Единый вход на основе OAuth2

Question

Я разрабатываю систему единого входа на основе OAuth2.

У меня есть 3 службы:

1. Поставщик удостоверений SSO, который содержит пользователей и сервер OAuth2 - http://sso.idp.loc

2. поставщик услуг единого входа с интерфейсной частью на Angular - http://sso.sp -angular.loc

3. поставщик услуг единого входа (случайный веб-сайт) - http://sso.sp -web.loc

Поставщики услуг проверяют каждый токен доступа запроса, выданный поставщиком удостоверений.

Механизм следующий:

1. Перейдите к любому поставщику услуг и нажмите логин
2. Перенаправить на sso.idp.loc / login_check, чтобы проверить учетные данные (из файлов cookie).
3. Если не авторизован - перейдите на sso.idp.loc / login.
4. После входа в систему - установите куки для провайдера идентификации и перенаправьте его на целевой провайдер с этими куки в параметре get.
5. Установка новых файлов cookie из параметра get для поставщика услуг и перенаправление на целевой путь.
6. Если вдруг произошла ошибка аутентификации на поставщике услуг - перейдите в sso.idp.loc / login_check с целевым путем.

Cookies содержат oauth-доступ и токены.

Все в порядке, пока токен действителен.По истечении срока действия токена службы prodider переходит на sso.idp.loc / login_check и снова проверяет токен доступа, а затем пытается один раз получить новый, используя токен обновления.В случае успеха новые учетные данные устанавливаются как sso.idp.loc и поставщик услуг.Допустим, это произошло на sso.sp-web.loc.
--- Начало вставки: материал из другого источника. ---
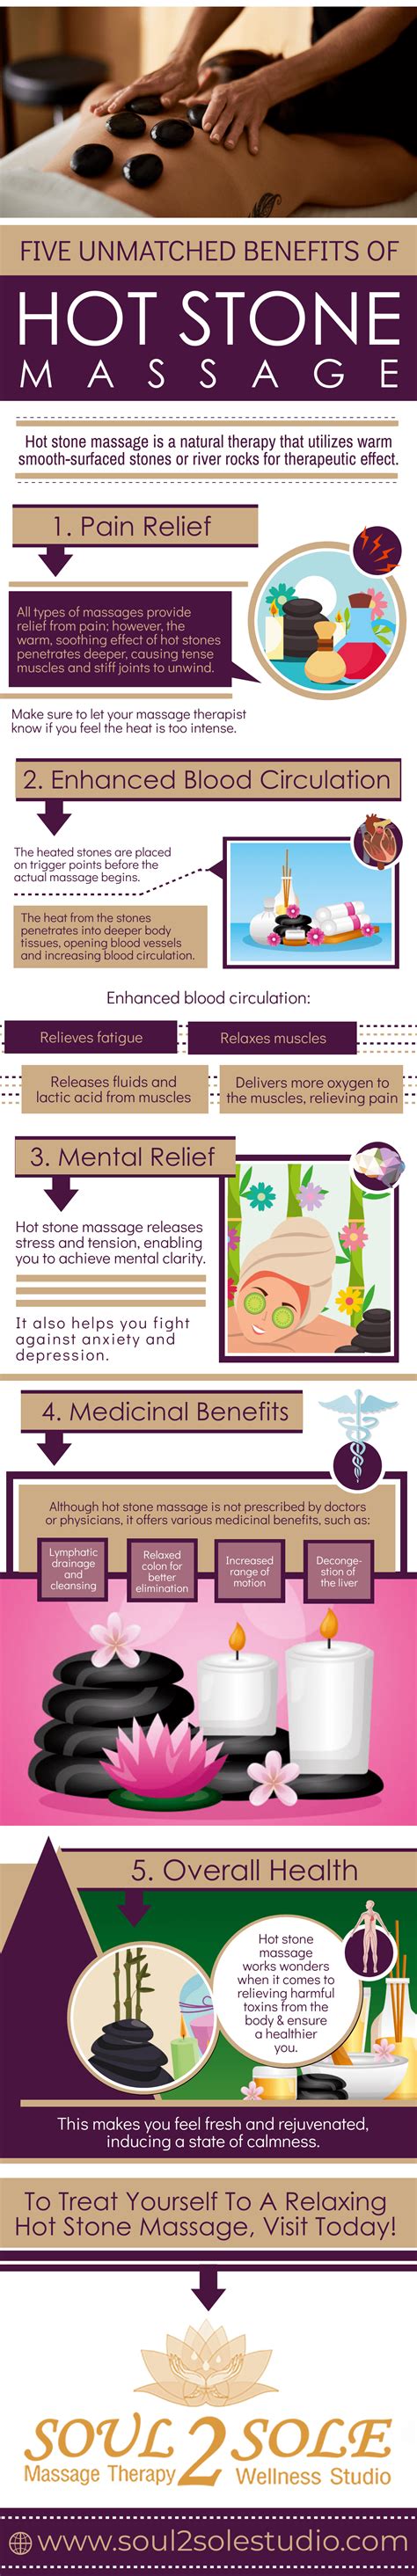 Five Unmatched Benefits Of Hot Stone Massage Infographic Soul 2
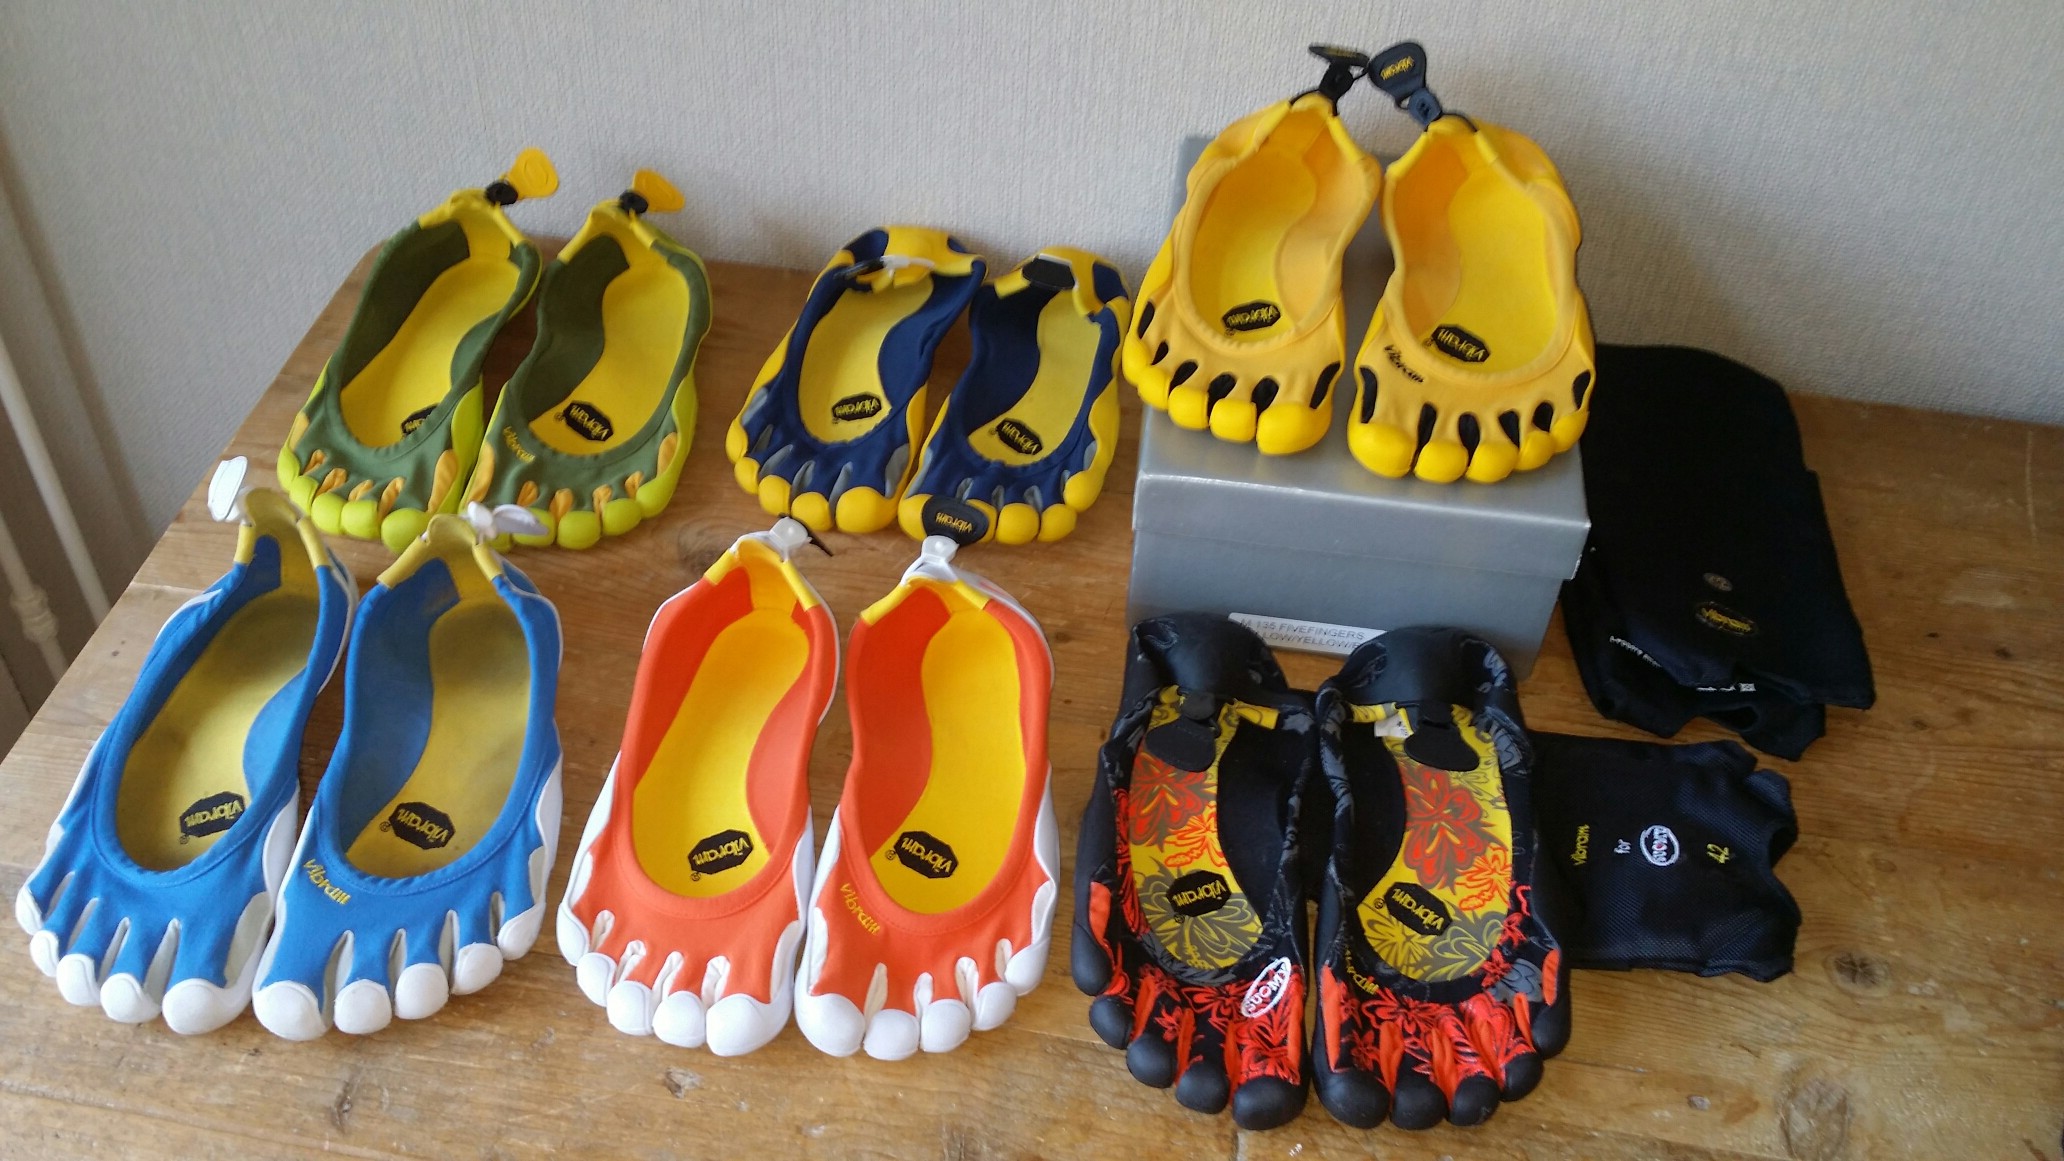 A few of the earliest-sold Vibram FiveFingers - the Classic - from my collection.

Здесь у меня есть несколько проблем:

1. Тогда другой поставщик услуг sso.sp-angular.loc не знает, что учетные данныебудут изменены, и следующий запрос будет перенаправлен на sso.idp.loc / login_check (его можно отсортировать, отправив запрос второй раз).
2. Когда пользователь редактирует форму на sso.sp-web.loc и токен имеетсрок действия истекает, тогда отправка завершится неудачей.
3. Как управлять вызовами ajax после истечения срока действия токена?

Следует учитывать тот факт, что токен доступа может быть изменен в любое время.

Возможно, что-то не так в моей системе.Буду рад здесь любым решениям.

Answer 1

Я думаю, что ваша концепция единого входа неверна - вам не следует использовать одни и те же токены.Токены должны быть разными для каждого клиента (приложения).OAuth2 SSO обычно реализуется следующим образом (реализация не описана в RFC OAuth2):

1. Приложение «App1» запрашивает токен, перенаправляя браузер пользователя на сервер авторизации (/authконечная точка).
2. Сервер авторизации устанавливает cookie-файл сеанса в браузер и сохраняет информацию о том, какой пользователь был аутентифицирован в этом сеансе.Файл cookie действителен только для запросов сервера авторизации.
3. Когда другое приложение «App2» запрашивает токен, браузер отправляет файл cookie сеанса вместе с запросом конечной точки /auth.Сервер авторизации разрешает сеанс.Сеанс уже был аутентифицирован, поэтому сервер авторизации может решить не запрашивать учетные данные и сразу же выпустить новые токены (или код авторизации).

Answer 2

Похоже, вы реализовали тип неявного предоставления OAuth 2.0.Это довольно небезопасно.В идеале вы должны реализовать тип предоставления кода авторизации и хранить свои клиентские секреты на стороне сервера ресурсов (которого вы называете поставщиком услуг).Я рекомендую вам прочитать ответы здесь и здесь .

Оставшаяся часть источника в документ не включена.